Published online by Cambridge University Press:  21 May 2019

Nancy L. Segal*
Affiliation:
Department of Psychology, California State University, Fullerton, CA, USA
*
Author for correspondence: Nancy L. Segal, Email: nsegal@fullerton.edu

Abstract

The second recorded case of sesquizygotic (SQZ) twins is summarized. It is suspected that SQZ twins result from the fertilization of an egg by two separate spermatozoa, followed by division of the fertilized ovum. Next, recent studies examining how differences in parental affection affect co-twins’ personality profiles, the prenatal demise of fetuses during twin pregnancy, a forensic case of heteropaternal superfecundation and selective feticide in dichorionic twins are reviewed. Finally, summaries of newsworthy items featuring an identical twin Oscar winner, a case of ‘superfecundated’ twins born to a gay couple, identical twins who try partly living apart and new molecular techniques to distinguish an innocent identical twin from his or her guilty co-twin are presented.

Type
News, views and comments
Copyright
© The Author(s) 2019 

The New Sesquizygotic Twins and More: Exotic Twin Types

Virtually all books, articles, essays and commentaries on twinning refer to two types of twins: monozygotic (MZ or identical) and dizygotic (DZ or fraternal). It is further explained that MZ twins result when a single fertilized egg divides between the 1st and 14th postconceptional day. This event results in MZ twins who share 100% of the genes, barring errors in cell replication, and who are always of the same sex. In contrast, DZ twins result when two simultaneously released eggs are fertilized at the same time by two separate spermatozoa. DZ twins share half of their genes on average, by descent, just like ordinary siblings born years apart. DZ twins may be of the same sex or opposite sex.

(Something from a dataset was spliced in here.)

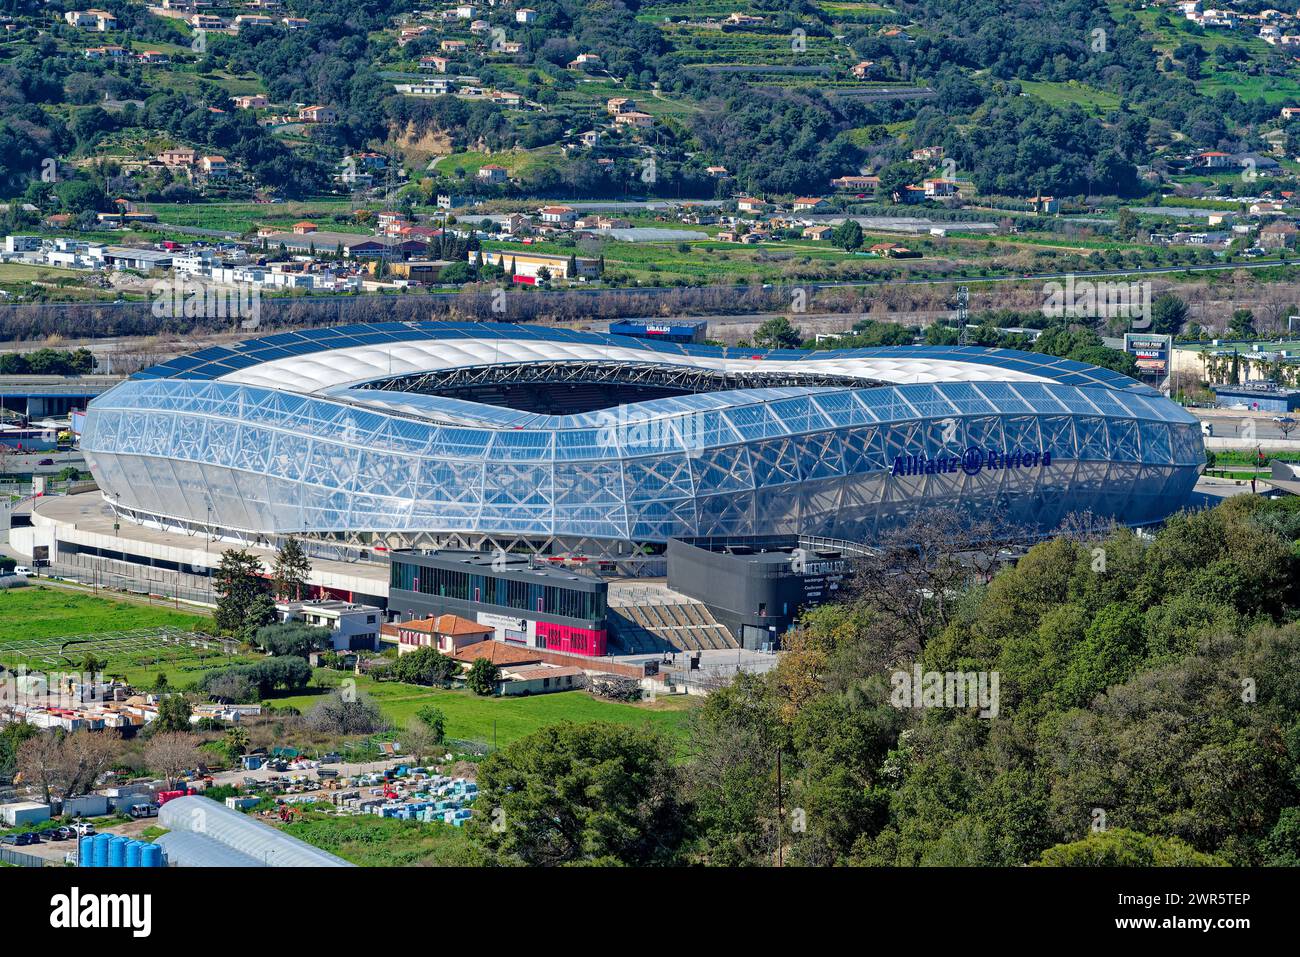 Multifunktionsarena Allianz Rivera in Nizza im Departement Var (Südostfrankreich). Nizza ist Austragungsort der Olympischen Fußballwettbewerbe 2024 Stockfoto

Over the years, another twin type, namely ‘polar body twins,’ has been recognized (Segal, Reference Segal2017). It is often labeled the ‘third twin type’ by parents and twins in need of a way to describe their children or themselves as falling somewhere between MZ and DZ pairs. Such twins usually look a lot alike, but are not exactly alike in either appearance or behavior. The label ‘third twin type’ is, however, invoked much too quickly, and in the absence of DNA studies of family members, it is impossible to demonstrate whether it accurately classifies a given twin pair. At the same time, there is a sound scientific basis for such twins, best described in the classic work of Bulmer (Reference Bulmer1970). In fact, Bulmer outlined a series of twin types (some theoretical) that would range in genetic relatedness. Based on his work, I explain in Segal (Reference Segal2017, pp. 289–291) that:

Were one to rank MZ, DZ and polar twins in increasing order of average genetic similarity, the order would be primary oocytary (least similar), DZ, secondary oocytary, uniovular dispermatic and MZ (most similar). The primary oocytary polar body twins would be less alike than typical DZ twins, so the ‘third twin type’ does not always fall between MZ and twin pairs when it comes to similarity … some of these twin types are theoretically possible, but have not been identified in the scientific literature.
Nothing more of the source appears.